The adrenal cortex produces glucocorticoids (cortisol) and mineralocorticoids (aldosterone), with cortisol being central to the stress response. Cortisol is released from the zona fasciculata in response to ACTH from the anterior pituitary, which is stimulated by CRH from the hypothalamus during physical stress (trauma, hypoglycemia), emotional stress, or metabolic demands. Cortisol promotes gluconeogenesis and glucose mobilization, suppresses immune and inflammatory responses, and increases sympathetic nervous system sensitivity, preparing the body for "fight or flight." The hypothalamic-pituitary-adrenal (HPA) axis exhibits tight negative feedback: elevated cortisol inhibits CRH and ACTH release through actions on the hypothalamus and pituitary, preventing excessive stress hormone production.
Measure plasma cortisol (high in morning, low in evening) and ACTH in response to acute stressors (cold pressor test, mental arithmetic) and chronic stress. Study Cushing syndrome (excess cortisol) and Addison disease (cortisol deficiency). Understand dexamethasone suppression test for diagnosis.
Epinephrine is not produced by the adrenal cortex; it is produced by the adrenal medulla (derived from neural crest tissue) and is part of the sympathetic nervous system, not the endocrine axis.
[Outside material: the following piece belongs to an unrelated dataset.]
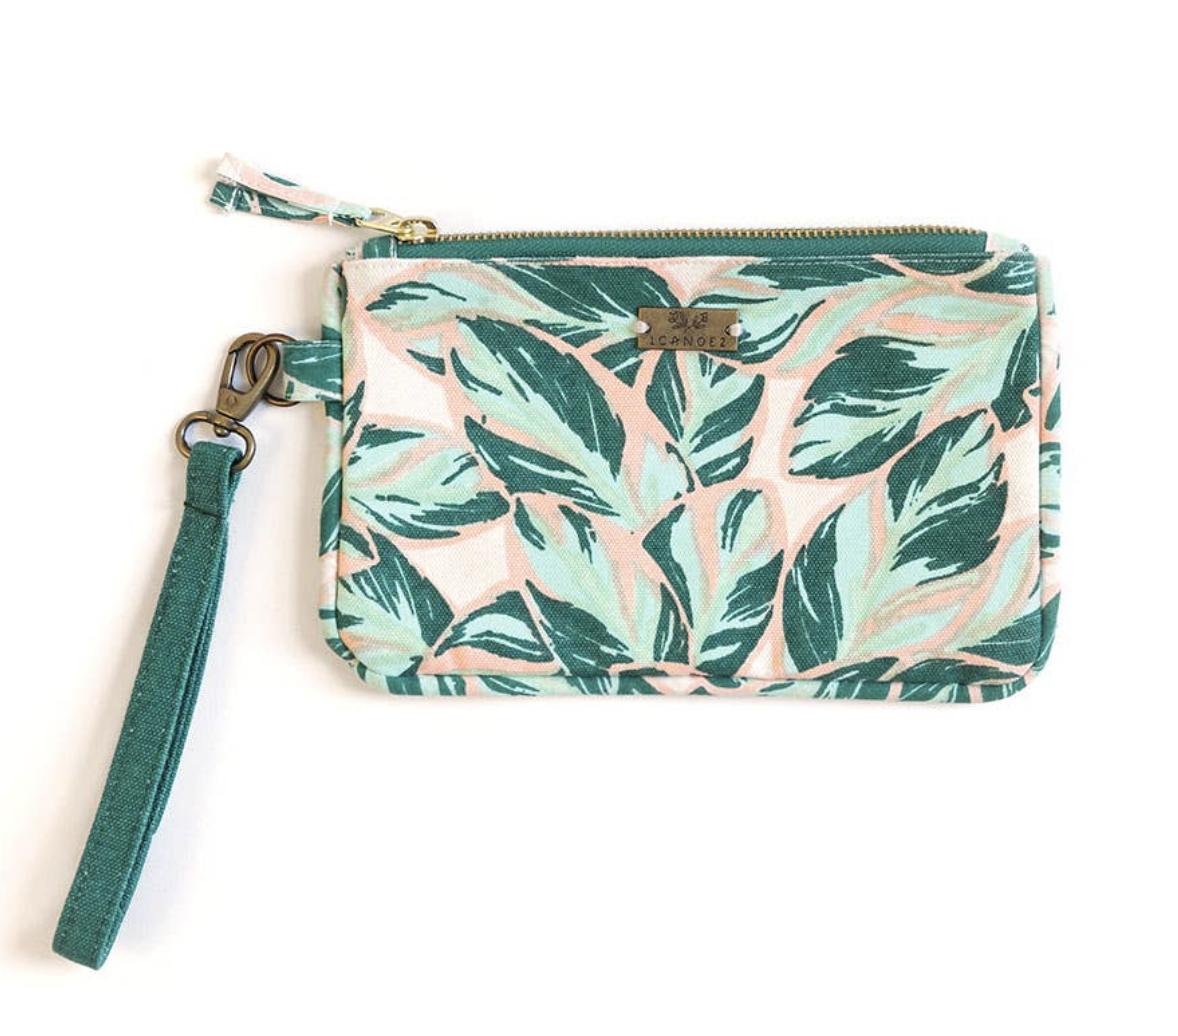 Highland Floral Zippered Clutch Bag

When your body encounters a threat — whether it is a physical injury, a dangerous drop in blood sugar, or the psychological pressure of a high-stakes exam — it activates a hormonal cascade called the hypothalamic-pituitary-adrenal (HPA) axis. You already know from studying the hypothalamus-pituitary axis that the hypothalamus translates neural signals into hormonal commands, and that the anterior pituitary amplifies those commands by releasing tropic hormones into the bloodstream. The HPA axis is one of the most important specific instances of this general architecture: the hypothalamus releases corticotropin-releasing hormone (CRH), which stimulates the anterior pituitary to secrete adrenocorticotropic hormone (ACTH), which travels to the adrenal cortex and triggers release of cortisol from the zona fasciculata.
Cortisol is the body's primary long-duration stress hormone, and its effects are fundamentally metabolic. While the sympathetic nervous system you studied earlier provides the immediate "fight or flight" response — increased heart rate, dilated pupils, redirected blood flow — cortisol operates on a slower timescale of minutes to hours, ensuring the body has the fuel to sustain that response. It promotes gluconeogenesis in the liver, converting amino acids and glycerol into glucose. It breaks down muscle protein and adipose tissue to supply those substrates. It suppresses non-essential functions like immune surveillance and inflammation, which consume energy the body needs elsewhere during acute stress. Think of cortisol as the logistics officer behind the front lines: while epinephrine sounds the alarm, cortisol redirects supply chains to keep the fighting force operational.
The HPA axis is kept in check by negative feedback: when cortisol levels in the blood rise sufficiently, cortisol itself acts on receptors in both the hypothalamus and the anterior pituitary to suppress further CRH and ACTH release. This is the same feedback principle you learned in the endocrine system overview — the product of the cascade inhibits the cascade's own initiation. The result is a self-limiting loop: stress triggers cortisol release, cortisol addresses the metabolic demands of stress, and then rising cortisol levels shut down the axis to prevent overproduction. This feedback mechanism is so reliable that clinicians exploit it diagnostically: the dexamethasone suppression test administers a synthetic glucocorticoid and checks whether ACTH and cortisol fall appropriately. If they do not, the feedback loop is broken — a hallmark of conditions like Cushing syndrome.
When the HPA axis malfunctions, the consequences illustrate how precisely calibrated it must be. Cushing syndrome (chronic cortisol excess) produces hyperglycemia, muscle wasting, fat redistribution to the trunk and face, immune suppression, and osteoporosis — every one of cortisol's normal actions carried to a pathological extreme. Addison disease (cortisol deficiency) produces the mirror image: hypoglycemia, fatigue, weight loss, hypotension, and dangerous vulnerability to stress. These clinical bookends demonstrate that cortisol is not simply "the stress hormone" — it is a tightly regulated metabolic integrator whose value lies entirely in being produced in the right amount at the right time.